Parenting: The Science/Art of Prediction

When the boys were young, the day care center parking lot drove me crazy. Young kids are short enough that drivers cannot see them when backing up and every time I picked up or dropped off, I worried that a kid would be hit by a car in reverse. The new video technology is helping but it doesn’t guarantee anything. Kids in parking lots still stress me. This past weekend, the younger two helped me go grocery shopping. They eagerly unloaded groceries from the coveted “car-driving” cart into the back of our van. Without thinking, I stepped to the side of the van to put the “don’t-want-it-smushed” bread into the front seat. Then I heard a man yelling. The car beside me had started backing up at the same time that The Little Guy had decided to move our cart backwards to take it to the corral. The man’s yells stopped the driver moments after she had already bumped into the cart and into my son. He was fine. He was protected by the cart and by his angels. But the woman was in tears and I was in disbelief. I had failed to be there. Failed to predict my son’s movements. Failed to predict the driver’s movements. Failed to protect from harm. Lifting up thanks as we drove away, I reviewed the situation with the boys trying to reinforce safety.
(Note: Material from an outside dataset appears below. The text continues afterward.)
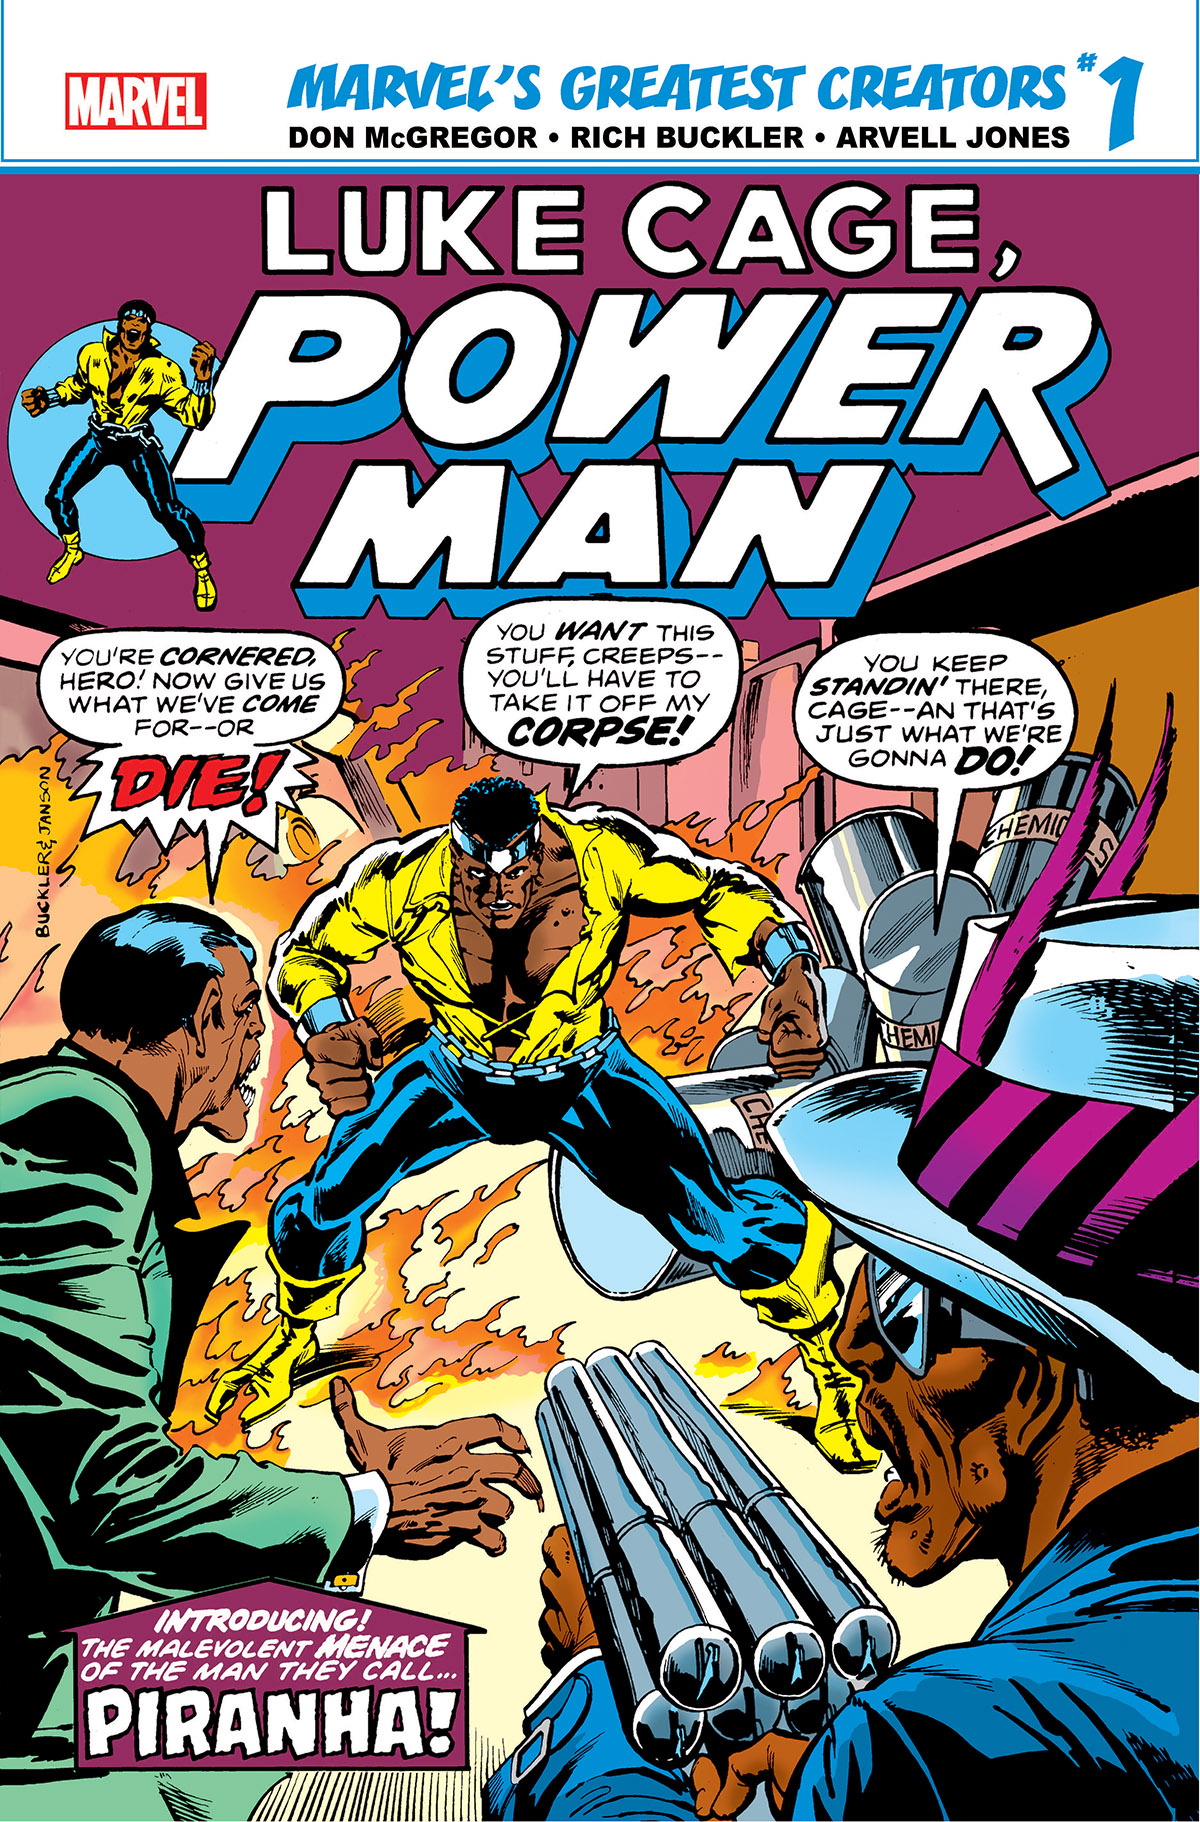 Marvel's Greatest Creators: Luke Cage, Power Man - Piranha! (2019) #1 |  Comic Issues | Marvel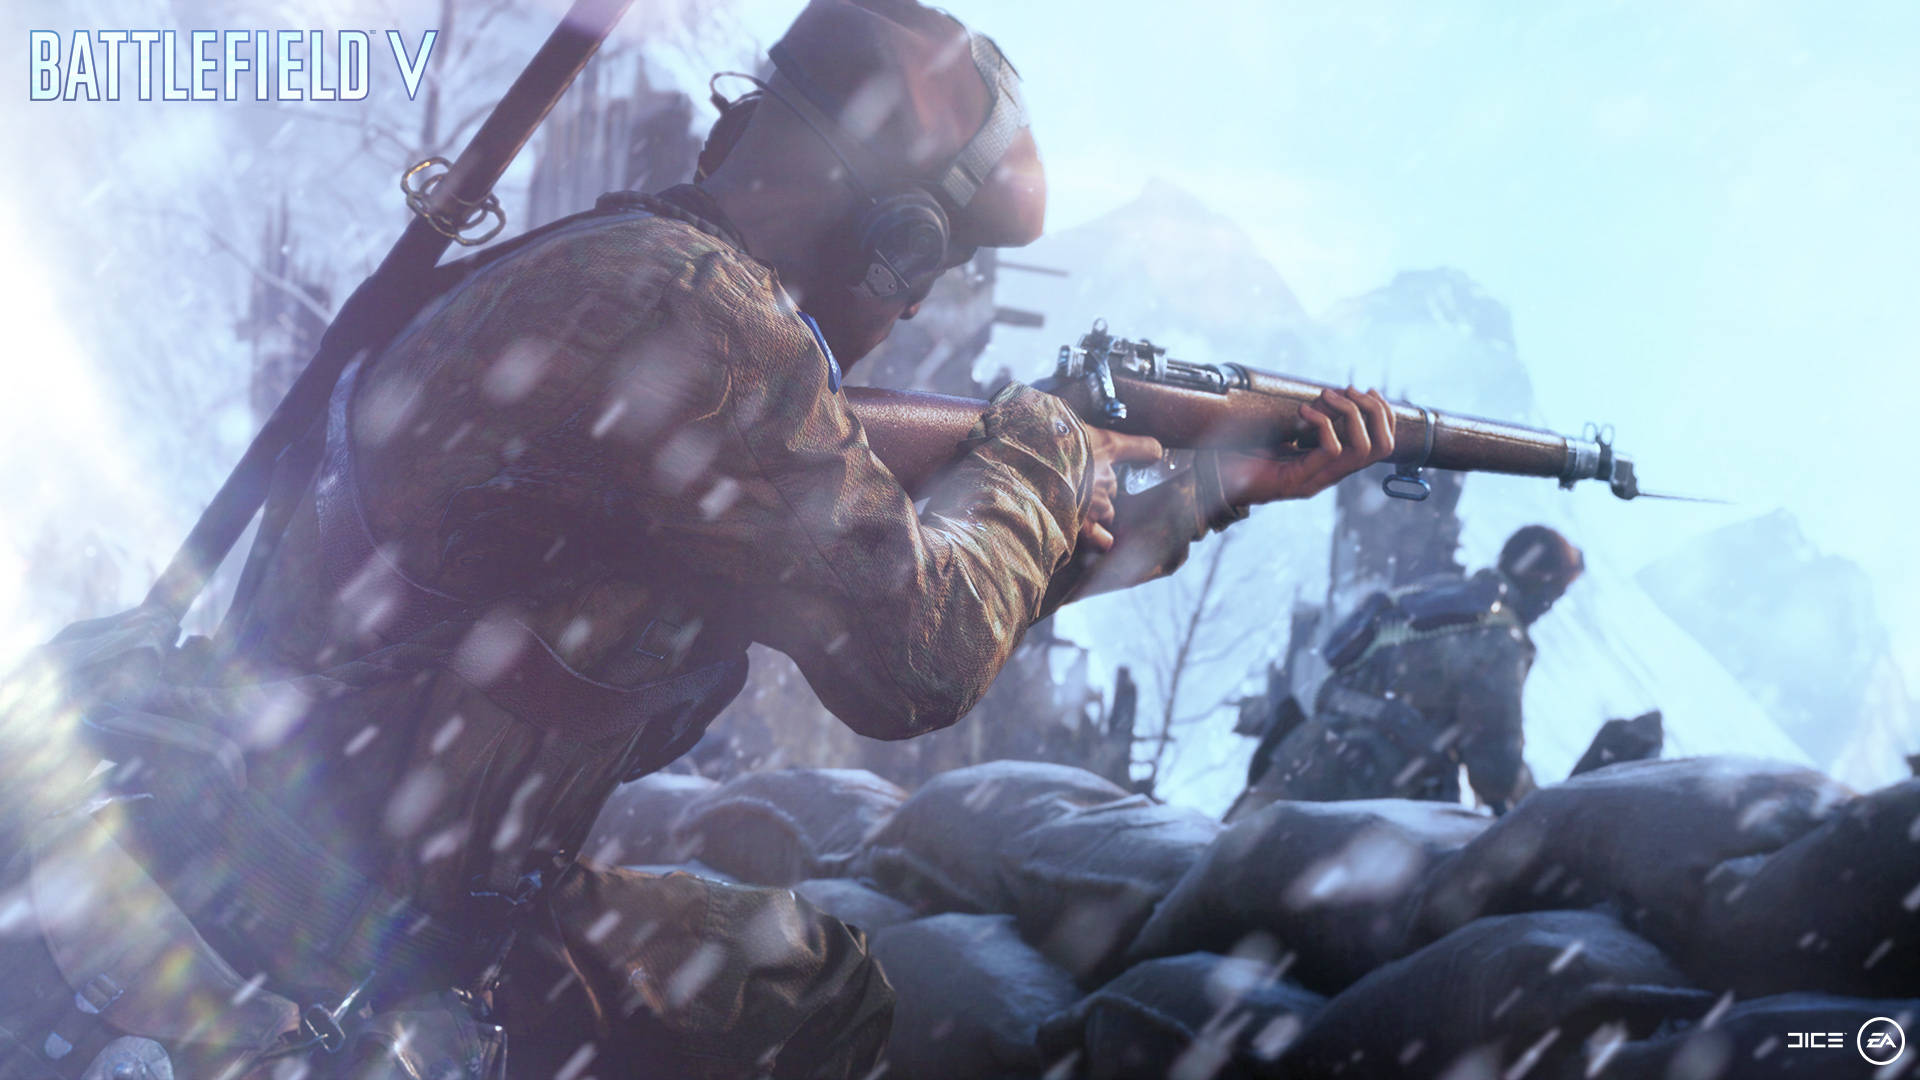 Battlefield 5 Soldiers In Snow

Parenting, it really boils down to one’s ability to predict. Science or art….hard to tell.

And this starts early, shortly after the mesmerizing awe of the newborn look and smell. Soon, the parent is desperately trying to predict the infant’s sleep cycle. If the baby falls asleep at 9:00 pm, do you predict he or she will wake up at 11:00 and therefore there’s no reason for you to get to sleep yet, or might the little cherub sleep until 1:00 am and you can delight in at least 2-3 hours of peaceful rest. After a night or two, or a year or two, you realize there’s absolutely no rhyme or reason to a kids’ sleep cycle and you might as well give up trying to predict anything!

The toddler years are the nightmarish, desperate attempts at predicting the Tasmanian devil’s every movements. Is she too close to the steps and about to tumble down? Is he going to flush that Match Box car down the toilet or is he just happily driving it along the bathtub rim? Is she likely to choke on that piece of food? Is he going to bump his head on the glass table or duck just in time? Apparently at this age, unpredictability is the only predictable aspect of parenting.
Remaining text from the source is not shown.